• Aim of the exercise
An exact copy of the data is needed, one that excludes all pictures.

• Data extract
━━━━━━━━
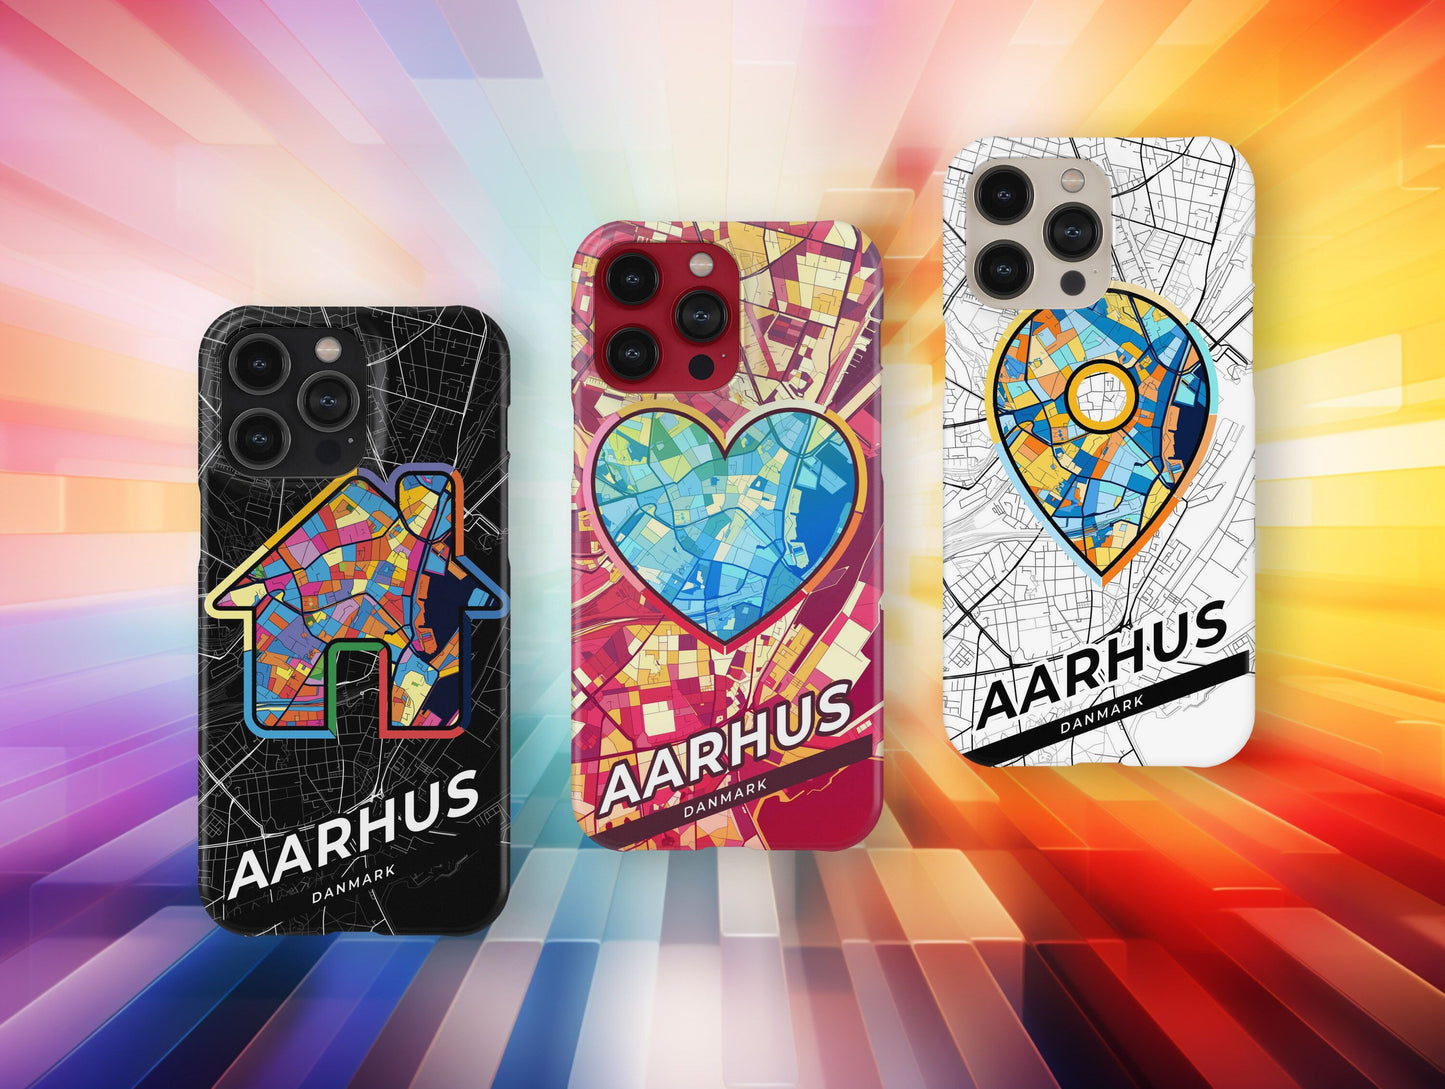 Aarhus Danmark slim phone case with colorful icon. Birthday, wedding or housewarming gift. Couple match cases.
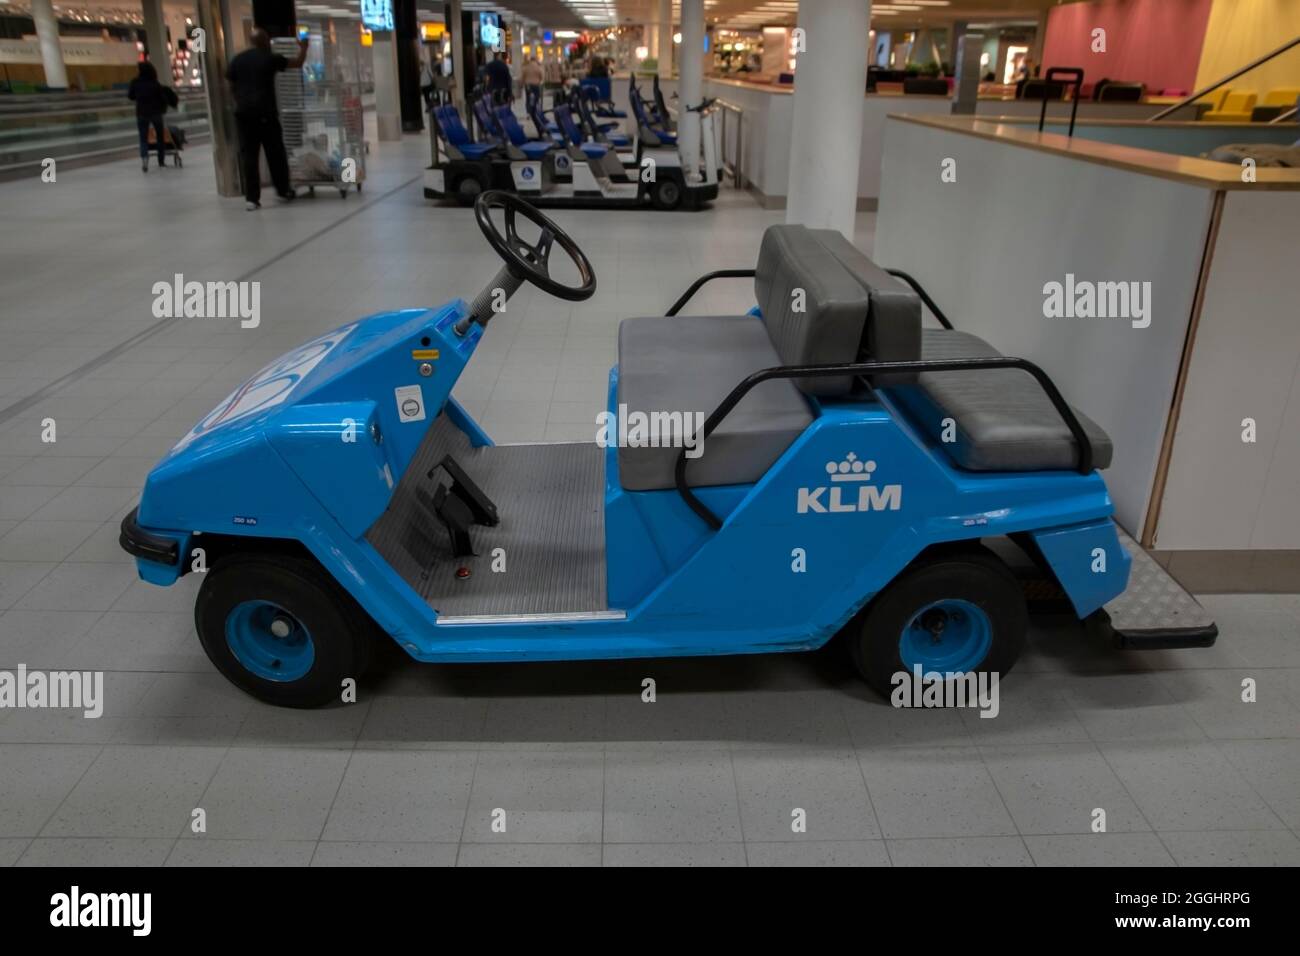 KLM Helping Car At Schiphol Airport The Netherlands 7-12-2019 Stock Photo
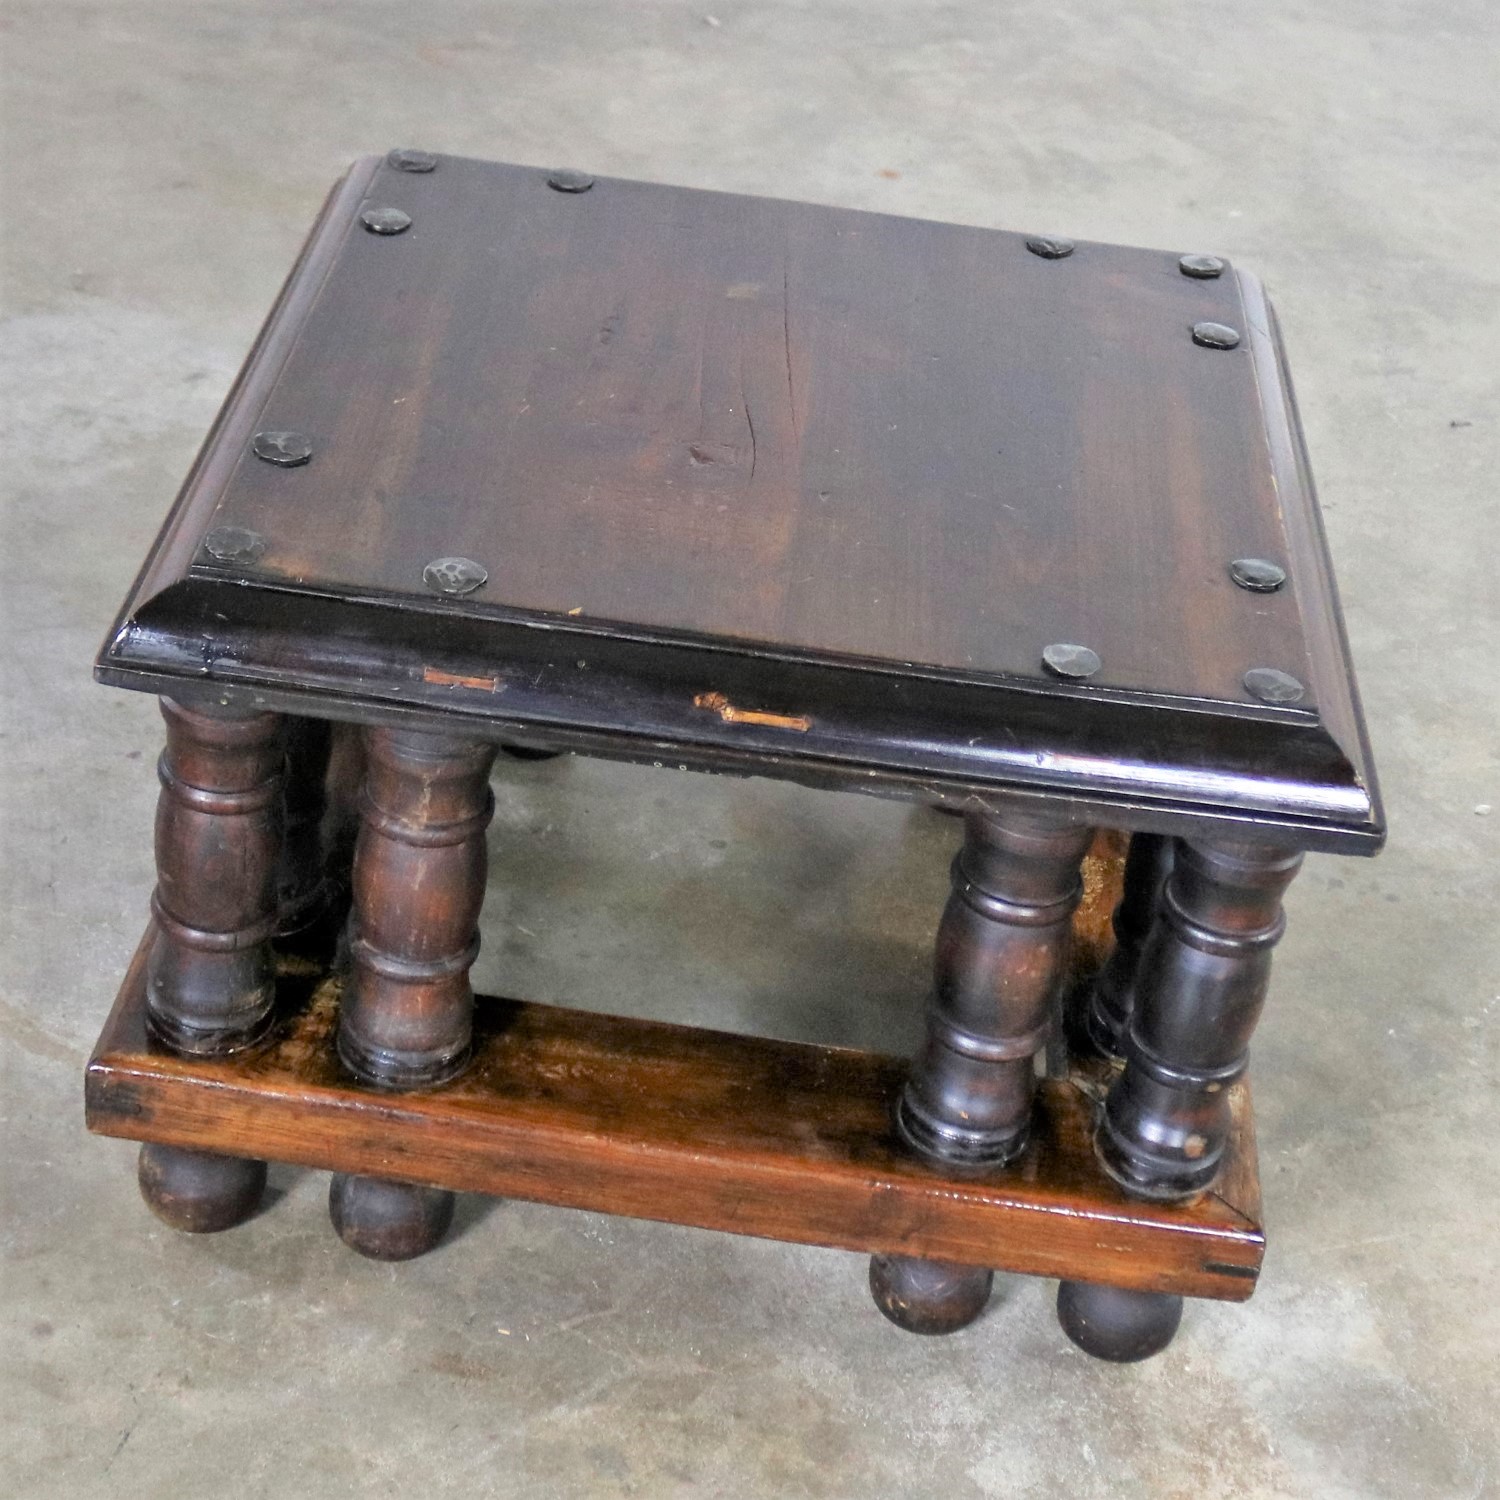 Spanish Revival Style Square End Table with Nail Heads by Artes De Mexico Internacionales, SA
━━━━━━━━
• Exercise answer
 Aarhus Danmark slim phone case with colorful icon. Birthday, wedding or housewarming gift. Couple match cases.
 KLM Helping Car At Schiphol Airport The Netherlands 7-12-2019 Stock Photo
 Spanish Revival Style Square End Table with Nail Heads by Artes De Mexico Internacionales, SA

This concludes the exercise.